Ensure a good future for your child with a Shriram Life policy
Shriram Life Insurance offers child education insurance policies in India under their portfolio to cater to varied parental needs:
- Shriram Life Early Cash Plan: Combines cash bonuses with guaranteed benefits to ensure the child’s education gets funded.
- Shriram Life New Shri Vidya Plan: Provides survival benefits and life cover for the uninterrupted funding of educational needs.
- Shriram Life Assured Saving Plan: Provides survival benefits and life cover for the uninterrupted funding of educational needs.
The sooner an individual invests in these plans, the safer the education of the child in the event that things do not go as planned in life.
Plan Ahead, Ensure Success with a Child Education Insurance Policy in India
Child education insurance in India is not just a form of savings; it provides a comprehensive financial solution embracing protection, investment, and peace of mind. In this way, parents ensure the child's education remains uninterrupted, secure, and well-funded.

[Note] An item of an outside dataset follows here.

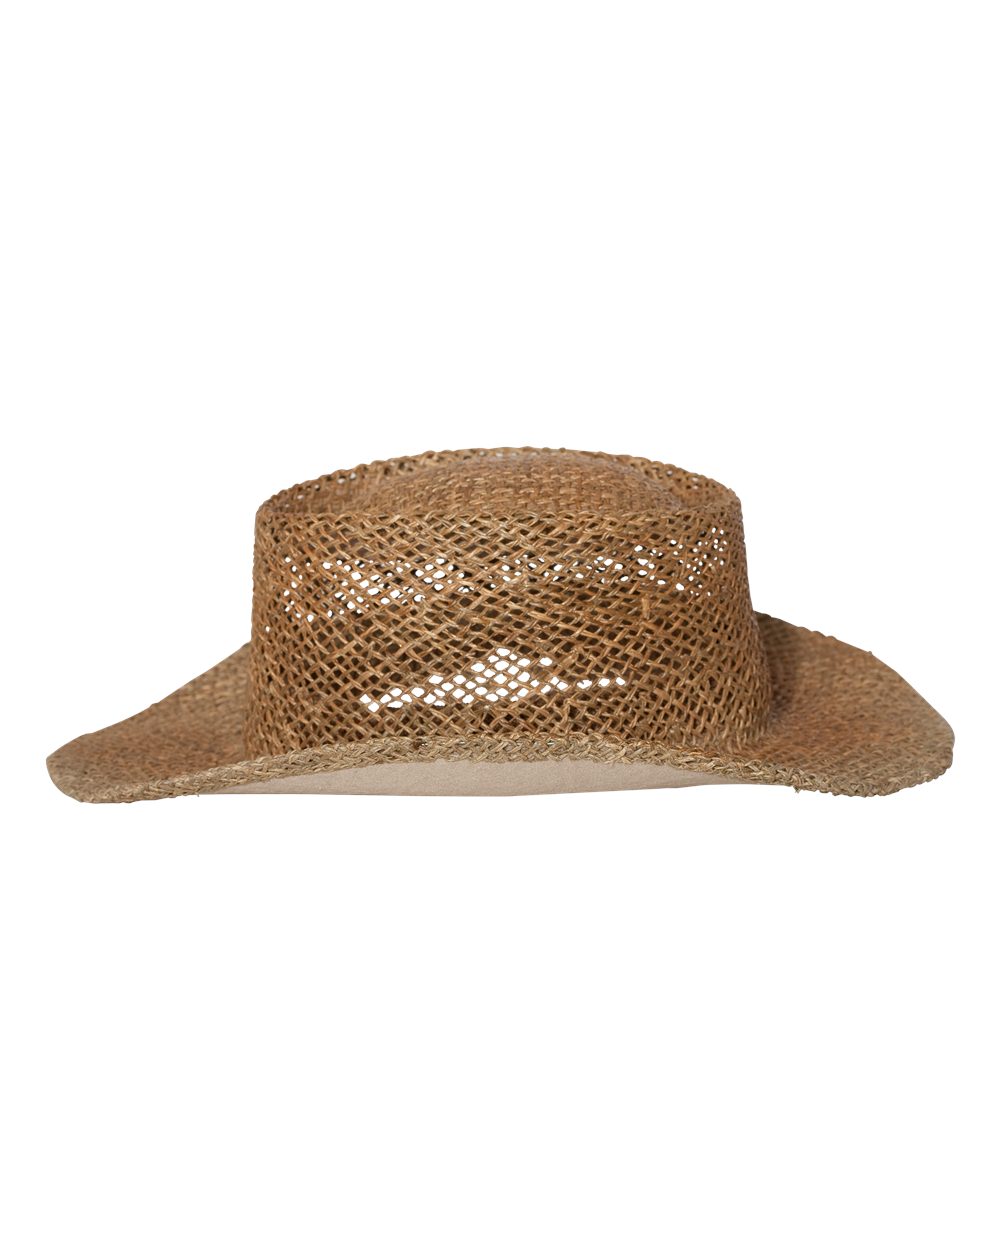 Outdoor Cap Lined Gambler Straw Hat - STW100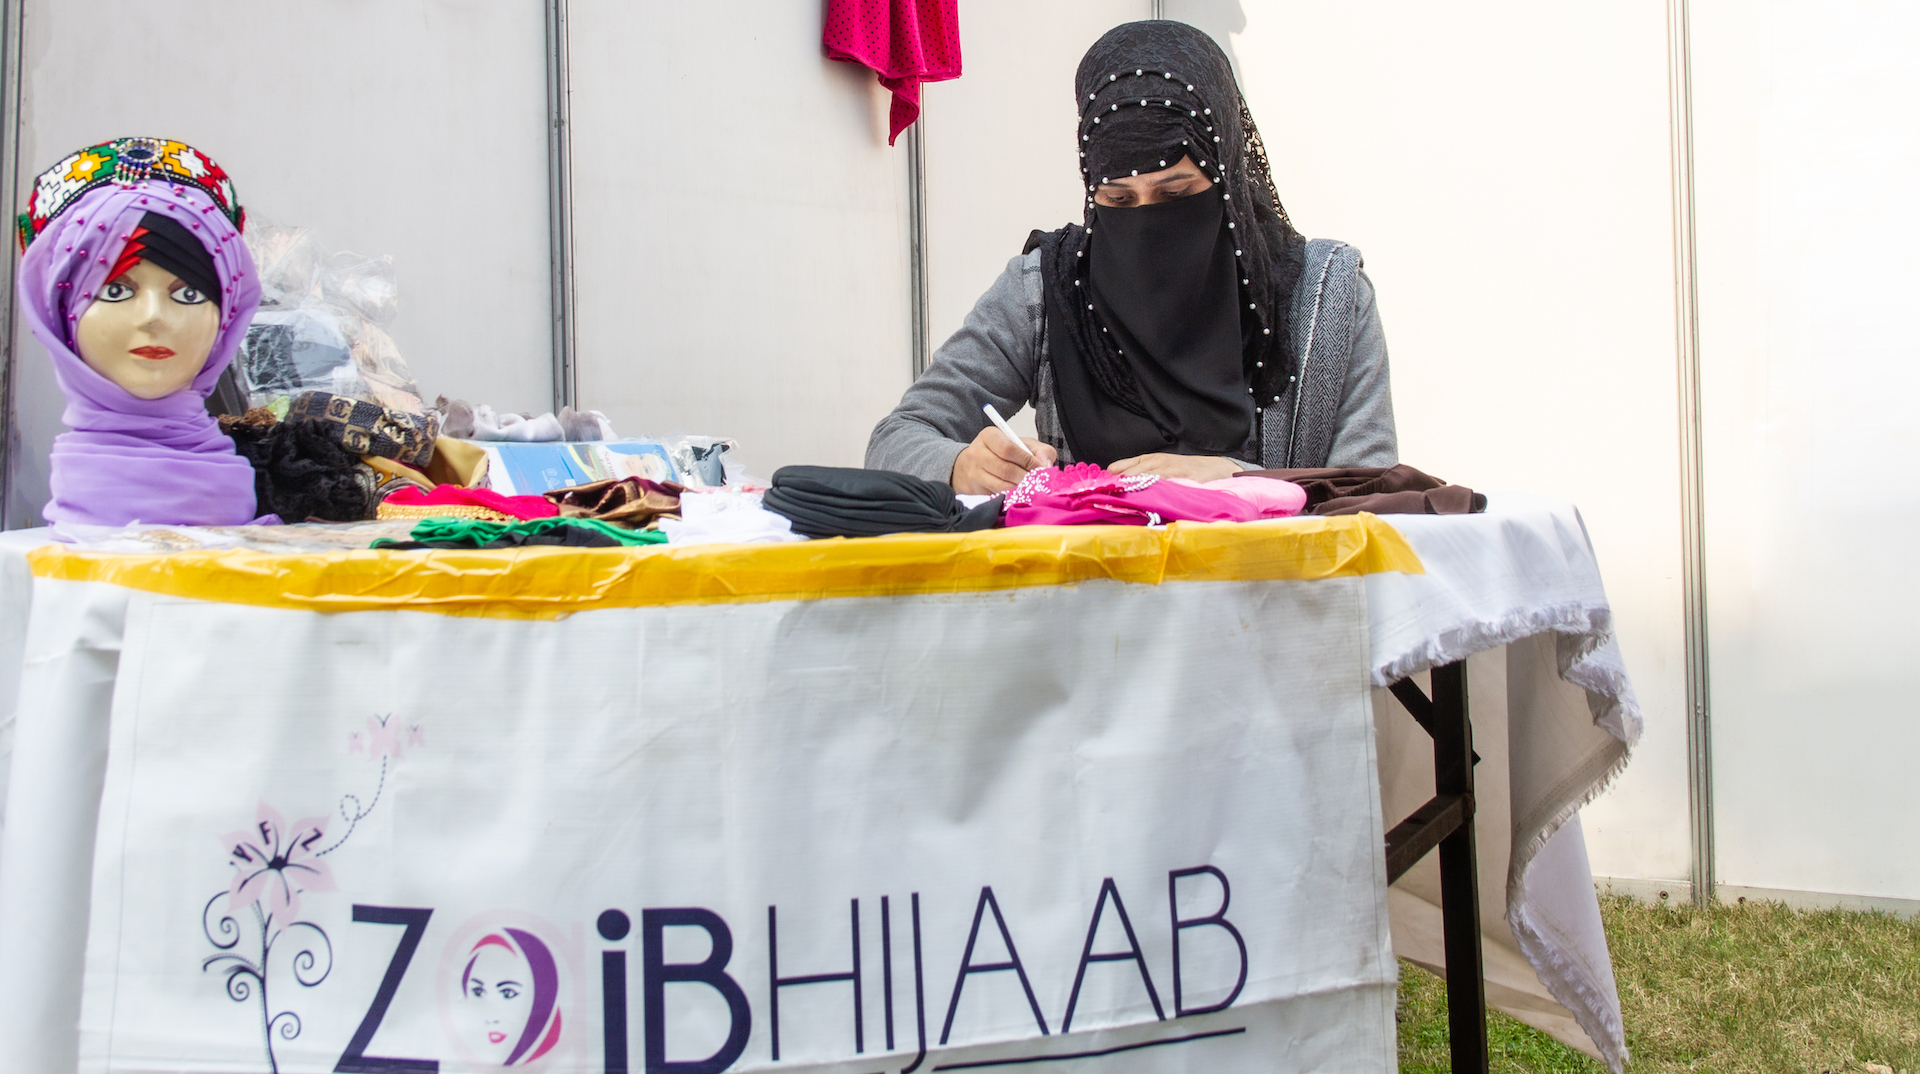 Eine Frau sitzt an einem Tisch. Sie hält einen Stift in der Hand, mit dem sie etwas schreibt. Auf dem Tisch liegen Hijabs in verschiedenen Farben. Auf einem Schild steht der Name ihres Unternehmens: „Zaib Hijaab“.

Start planning early and try to align the plan with your child's aspirations, taking advantage of premium waivers, tax benefits, and flexible payout options. Financial planning will thereby foster confidence and security for the child's future with a good child education policy.
Disclaimer: This information provided is intended for general informational purposes only. For personalised recommendations, please consult a certified insurance professional.
Frequently Asked Questions (FAQs)
1. What is a Child Education Plan?
It is a child education policy or child education insurance policy in India for the parent that accumulates funds for the child's education.
2. How does a Child Education Plan work?
Premiums are invested in a savings or an investment component that accrues over time and pays the amount either at the maturity of the child education policy or on the death of the life assured.
3. How do I choose a Child Education Plan?
Select the plans depending upon the child's education needs, how payouts are structured in those plans, risk appetite, and waiver of premiums in cases of death or unemployability. Look for the right child education insurance policy in India that fits your goals.
4. Is a Child Education Plan good?
It offers financial security, opportunity for growth of funds, tax benefits, and safeguards the child's future against unforeseen events, making a child education policy a valuable choice.
5. Is a Child Education Plan taxable?
Premiums paid towards a child's education insurance policy in India can be claimed as a deduction from gross total income under Section 80C. The proceeds on maturity and death benefits are generally exempt from tax under Section 10(10D).
6. How much CEA is exempted from income tax?
₹100/child is exempted from income tax as CEA for a maximum of two children.